Infatti presso il Commissariato di Ventimiglia:

  • Si continua a far lavorare le “volanti” in straordinario arrivando a sopprimete le pattuglie sui quadranti notturni.
  • – “volanti” rosicate ed insufficienti che continuano ad essere distolte dal controllo del territorio per garantire un dispositivo di Ordine Pubblico emanato dal Questore d’Imperia che prevede pattuglie automontate impegnate al rintraccio di eventuali clandestini che una volta individuati vengono trasportati dal parco Royal al Commissariato: altra situazione che dimostra l’incapacità organizzativa di un ufficio che non riesce ad attuare un fattivo coordinamento con le forze dell’ordine presenti sul territorio
  • – la Squadra di Polizia Giudiziaria del Commissariato risulta di fatto inesistente. Continua ad essere composta da un operatore: situazione inaccettabile vista le suddette gravi condizioni della Squadra Mobile di Imperia che non riesce nemmeno a garantire turni di reperibilità.
  • – permangono numerose carenze strutturali e logistiche dello stabile che mettono a nudo le conseguenze di anni e anni di abbandono: è giusto che i cittadini sappiano che nel 2019 i poliziotti in servizio alla Centrale Operativa (COT) sono obbligati a lavorare con il cappotto per non ammalarsi a causa del freddo viste le condizioni dell’impianto di riscaldamento.
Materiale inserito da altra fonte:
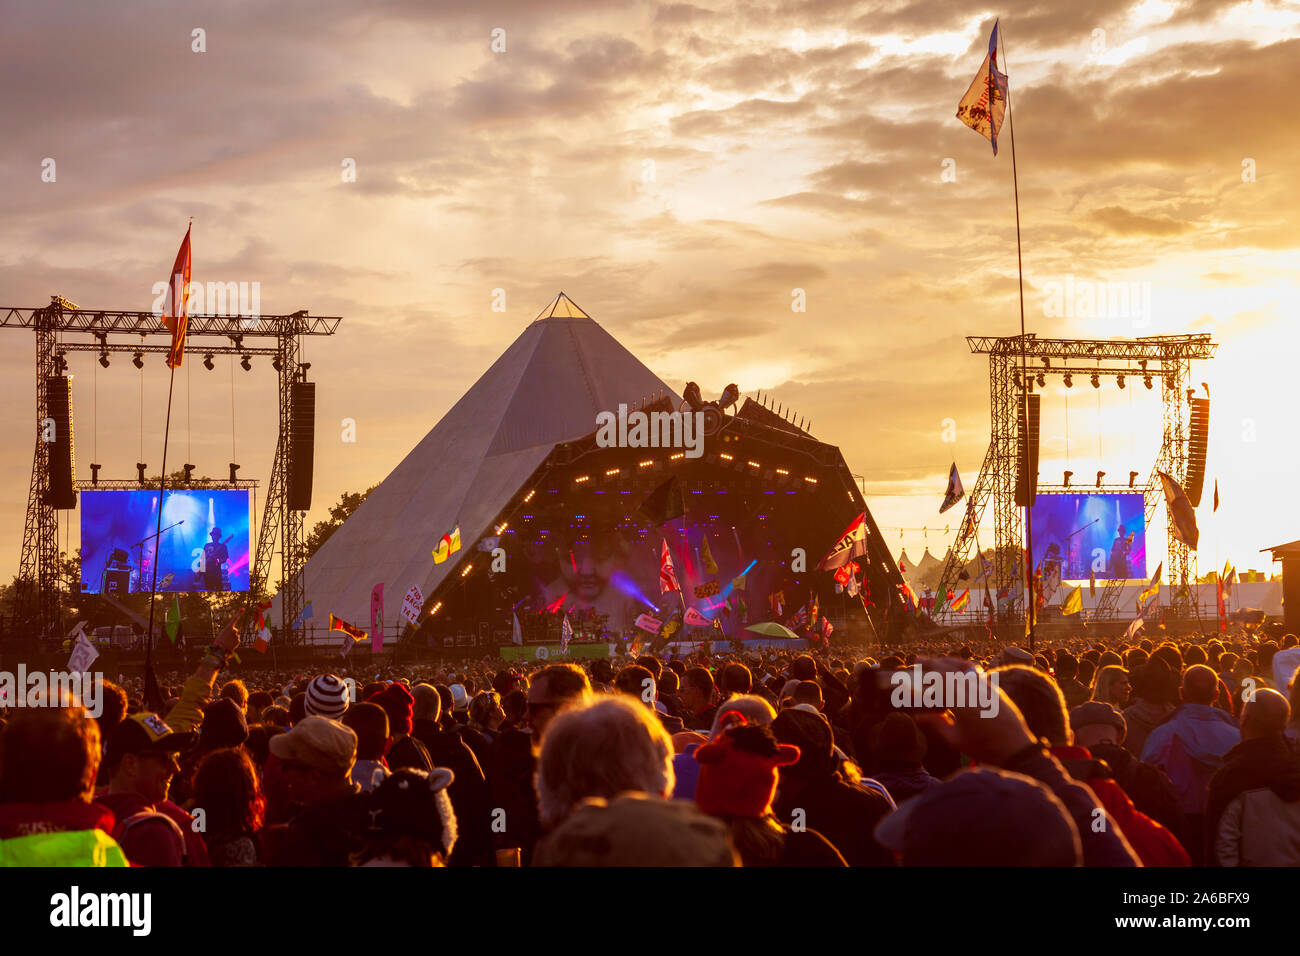 GLASTONBURY, Großbritannien - 27 Juni 2014: große Menschenmenge beobachten Ellenbogen spielen auf dem Glastonbury Festival Pyramide Stadium bei Sonnenuntergang Stockfoto

Inoltre, per offrire il quadro completo delle carenze della Polizia di Stato sul territorio imperiese emergono le carenze degli organici della Polizia di Frontiera di Ventimiglia sempre più sotto pressione a causa del delicato momento politico sociale presente sul territorio europeo dovuto a sempre più confuse ed inadeguate politiche immigratorie intrecciate tra gli articoli compresi nei discussi trattati di Schengen e Dublino.

Infine, ma non per ultimo per importanza le criticità della Polizia Stradale: Scongiurata per ora la chiusura del Distaccamento della Polizia Stradale di Sanremo continuiamo a denunciare la presenza di un organico a dir poco insufficiente come quello del Distaccamento di Ventimiglia, dove urge l’assegnazione di un congruo numero di operatori per garantire delle pattuglie operative sull’Aurelia, visto che le logiche privatistiche imposte da Autostrade SPA causano il dirottamento sui tratti autostradali del risicato personale ancora presente

Le istituzioni e la politica vorranno aprire finalmente gli occhi di fronte a questa situazione?

Da una parte l’apprezzabile sforzo del Dipartimento della Pubblica Sicurezza che ha dato un segnale tangibile con le assegnazioni dei nuovi Agenti, dall’altra un evidente mancanza di coordinamento sulle politiche per la sicurezza sul difficile territorio imperiese che determina un inspiegabile scollamento tra il capoluogo della provincia e i comuni dove le infiltrazioni mafiose continuano a rafforzarsi .

Occorre recuperare la centralità del ruolo politico istituzionale della Questura d’Imperia e del Comitato per l’ordine e la sicurezza pubblica dove il Prefetto e il Questore dovrebbero definire con le altre forze dell’ordine le strategie basilari per prevenire e combattere la criminalità, alla presenza delle istituzioni locali”.